Chair of the Federal Maritime Commission
- Incumbent
- Assumed office January 28, 2026
- President: Donald Trump
- Preceded by: Louis E. Sola

Commissioner of the Federal Maritime Commission
- Incumbent
- Assumed office January 6, 2026
- President: Donald Trump
- Preceded by: Louis E. Sola

Personal details
- Party: Republican
- Education: University of Florida (BS);

= Laura DiBella =

American governmental affairs advisor and civil servant

Laura DiBella is an American governmental affairs advisor and civil servant who has served as the Chair of the Federal Maritime Commission since 2026. She was previously the President of Business Development at FloridaCommerce and the Secretary of Commerce of Florida as President of Enterprise Florida.

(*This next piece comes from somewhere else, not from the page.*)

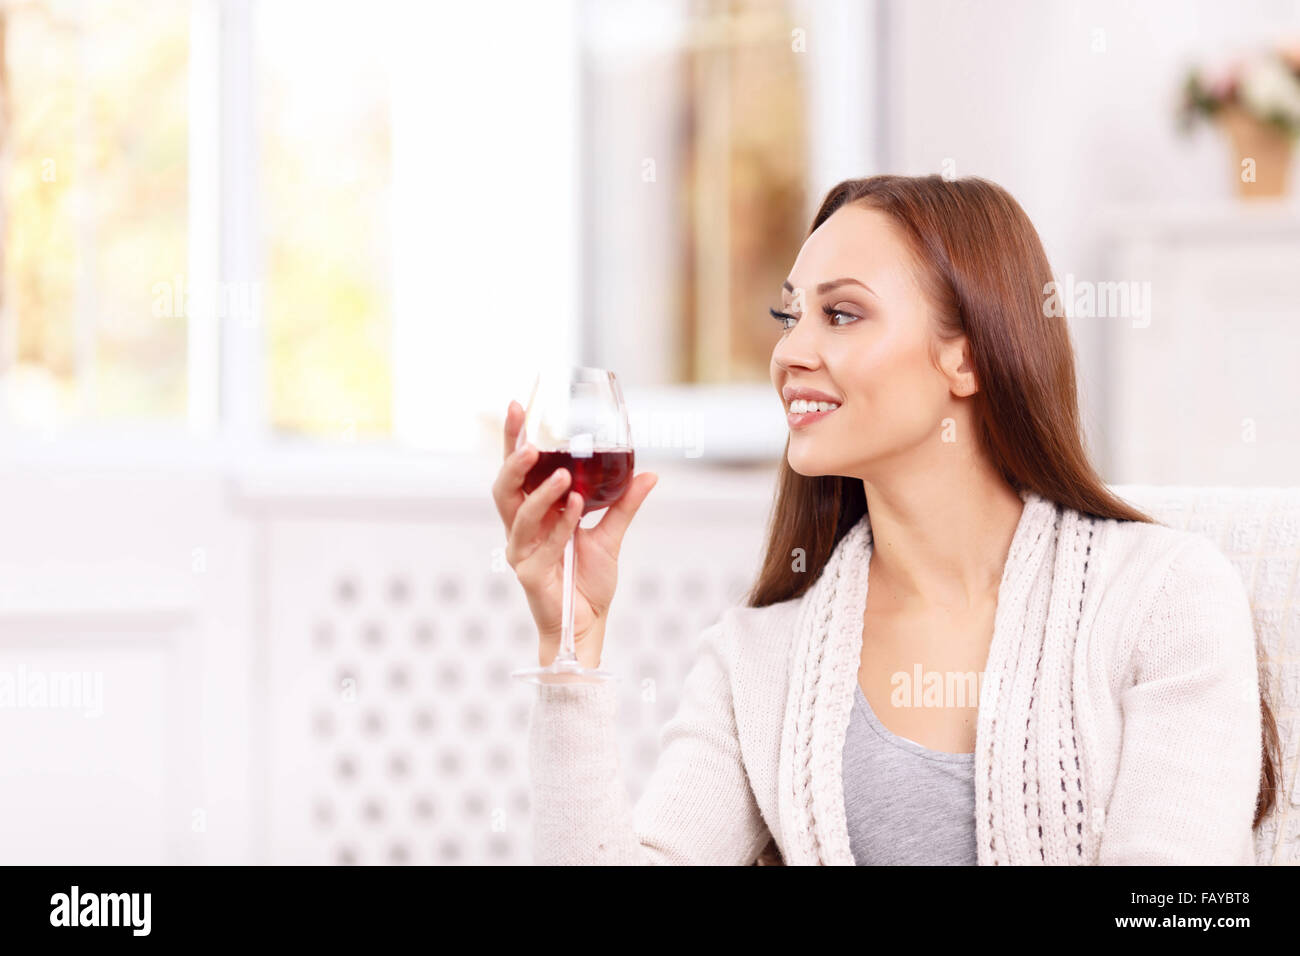 Attraktive junge Dame, ein Glas Wein zu genießen. Stockfoto
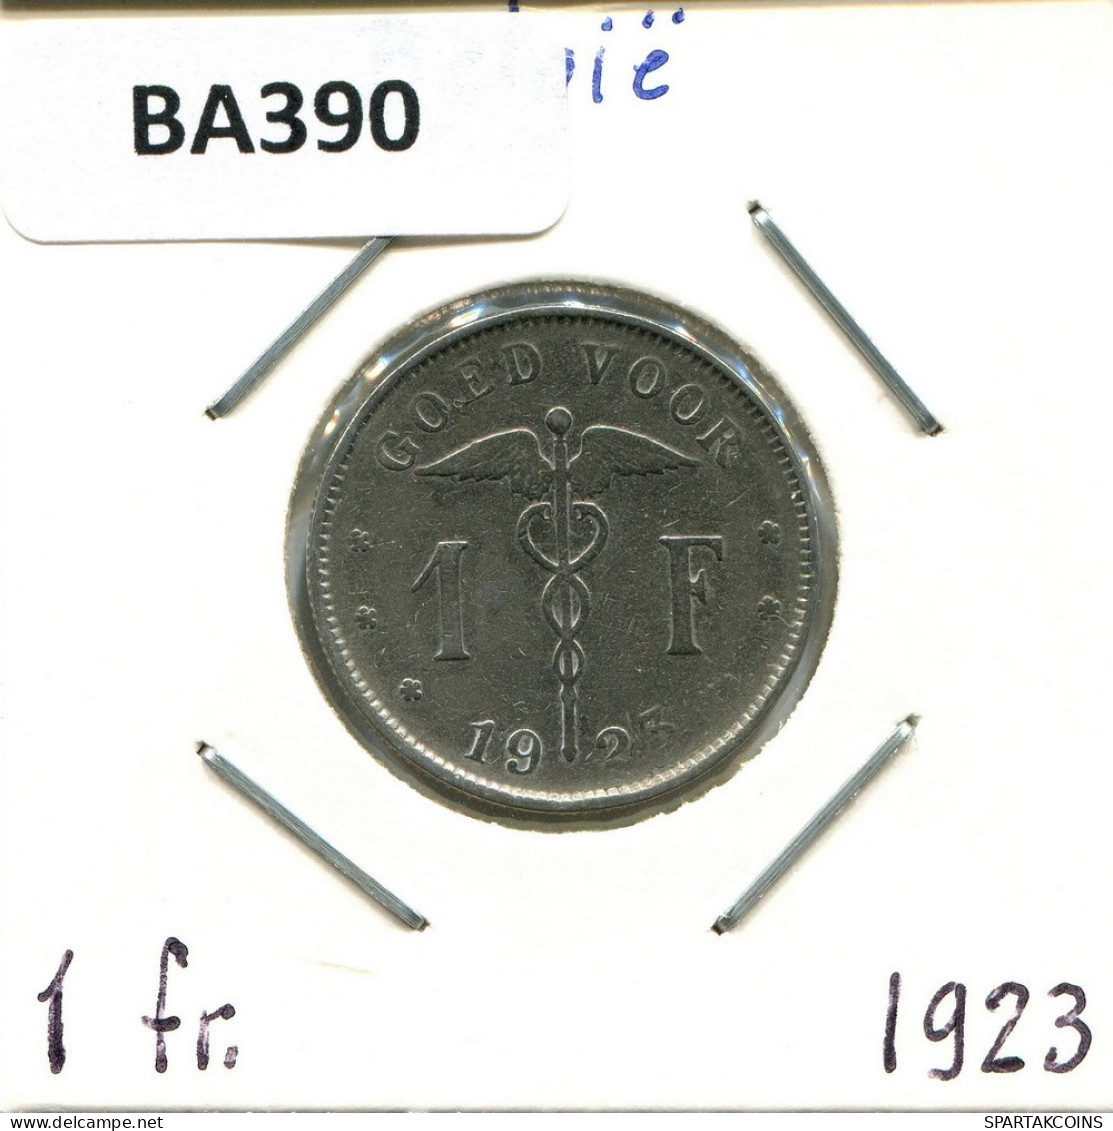 1 FRANC 1923 BELGIUM Coin DUTCH Text #BA390.U.A - 1 Franco

== Early life and education ==
She earned a BS in business development from the University of Florida.

==Career==
She has served as the executive director of the Nassau County Economic Development Board, as the Port Director of the Port of Fernandina, and as the executive director of the Florida Harbor Pilots Association.

She became Florida's first female Secretary of Commerce as president of Enterprise Florida, and also worked as President of Business Development at FloridaCommerce and as a consultant.

==Federal Maritime Commission==
President Donald Trump nominated DiBella to become a Commissioner of the Federal Maritime Commission on September 3, 2025. She was sworn in on January 6, 2026.

Trump then made her Chair of the Commission on January 28, 2026. Her choice left some shippers concerned due to her close alliance to Trump.